Son principal commerce consiste en soies greges & en matasses qu’elle tire de toute l’Italie ; en velours, damas, satins, tapis, draps d’or & d’argent, papeteries, fer en œuvre, & autres manufactures considérables. La construction des vaisseaux, tant pour sa propre navigation que pour l’usage des étrangers, est encore un objet fort important. La république entretient cinq galeres & quelques frégates, & autres bâtimens, en course contre les Barbaresques, avec lesquels elle est habituellement en guerre.
Gènes & Venise long-tems rivales, sont aujourd’hui revenues à une espece d’égalité pour le négoce ; avec cette différence que les Vénitiens en font un plus considérable dans le Levant ; & les Génois un plus grand que les Vénitiens en France, en Espagne, en Portugal, & ailleurs. Une grande partie des particuliers génois trafiquent en banque, ou autrement ; & leur opulence est communément d’une grande ressource à l’état. (D. J.)
Gènes, (Géog.) Genua ; & dans les siecles ignorans du moyen âge, Janua, comme si Janus en étoit le fondateur ; ancienne, forte, riche ville, & l’une des principales d’Italie, capitale de la république de Gènes, avec un archevêché & un bon port.

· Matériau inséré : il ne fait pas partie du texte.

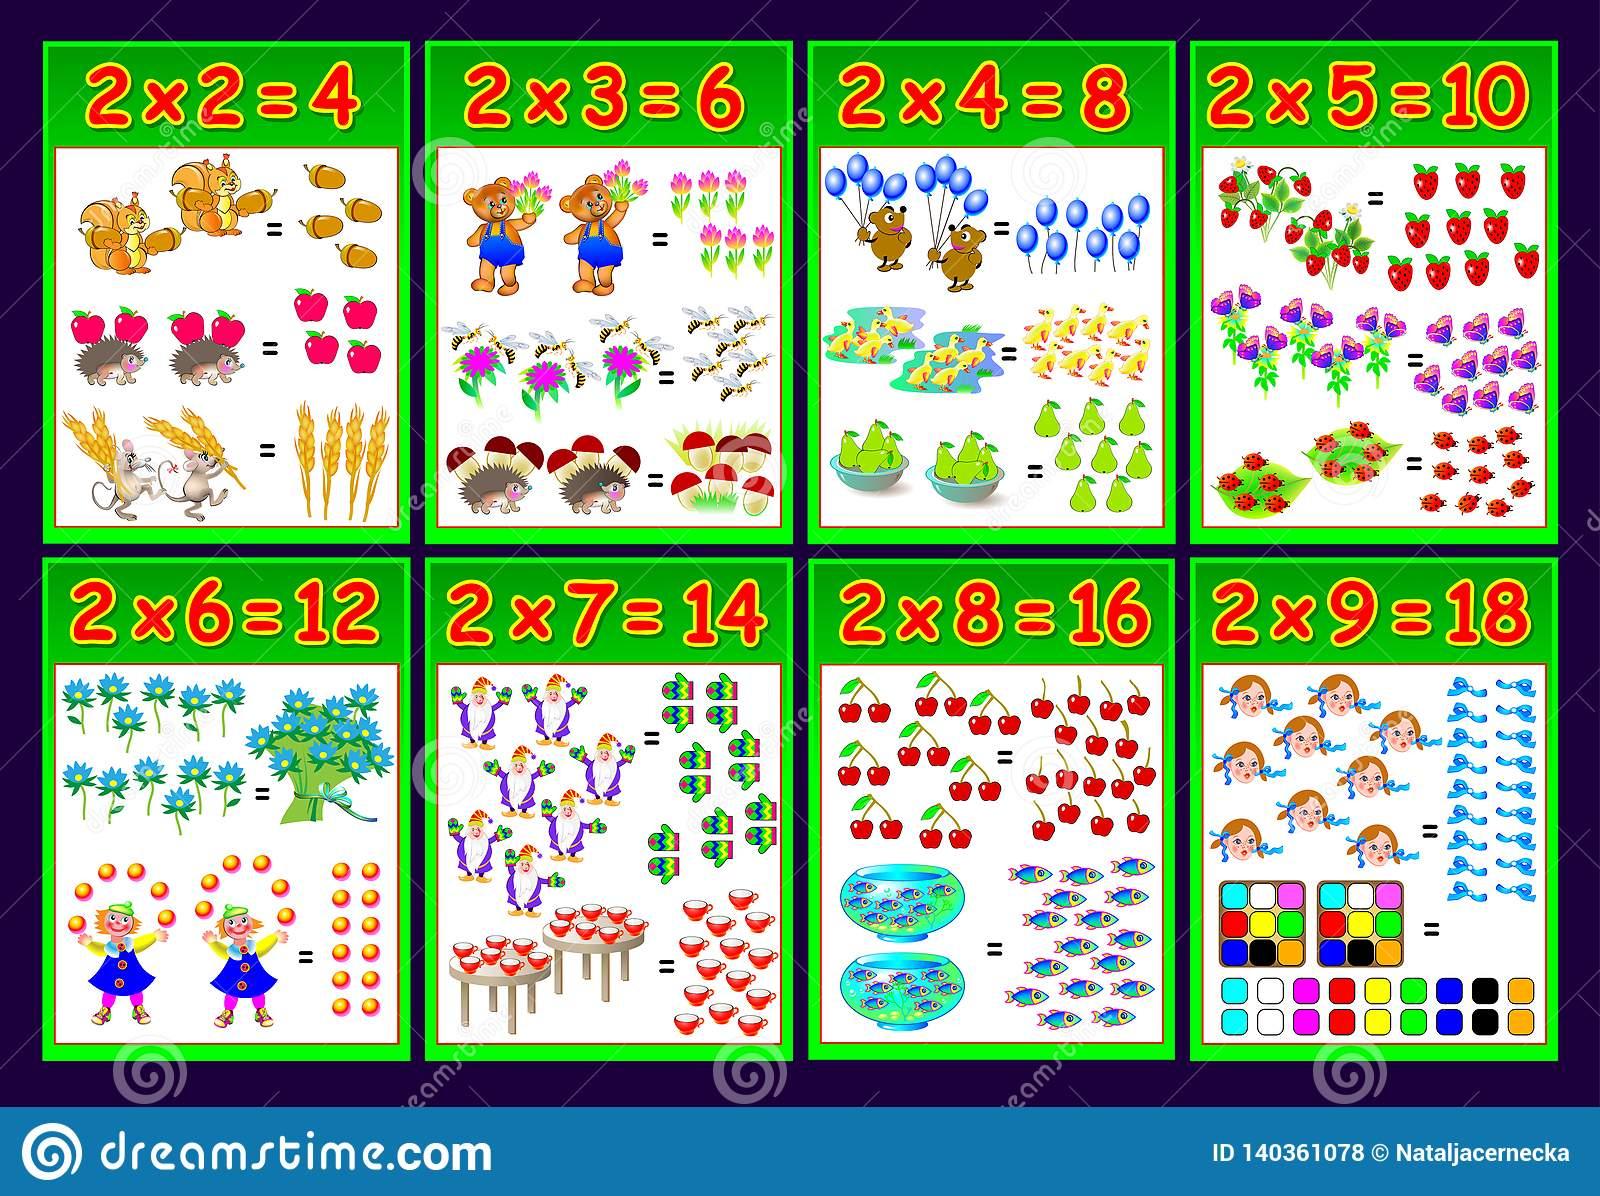 Worksheet Multiplication 2 Xs | Printable Worksheets And within Printable Multiplication Poster
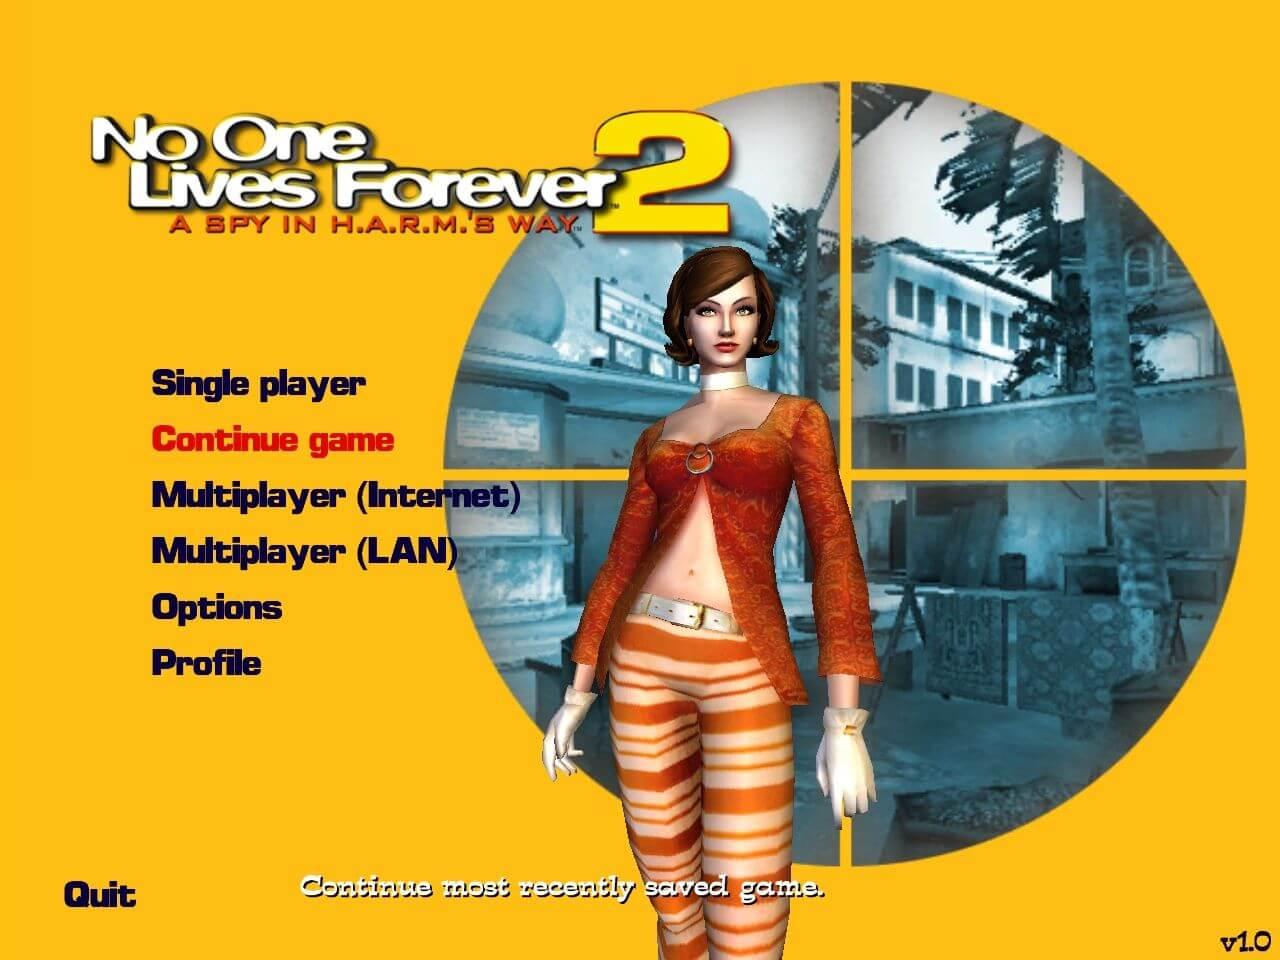 No one lives forever 2 v1. 1 patch image gallery | megagames.

Les églises, les édifices publics & les palais y sont magnifiques : les palais se suivent sans être joints avec des maisons ordinaires ; ce qui fait le plus bel effet qu’on puisse desirer. Cette ville commerçante est presque au milieu de l’état de Gènes, en partie dans la plaine, & en partie sur une colline près de la Méditerranée, dans une heureuse & riante situation, à 28 lieues sud-oüest de Milan, 25 sud-est de Turin, 26 sud-oüest de Parme, 45 nord-oüest de Florence, 90 nord-oüest de Rome. Long. suivant Salvego, Cassini & le pere Grimaldi, 26d 7′ 15″. latit. 44d 25′ 0″. (D. J.)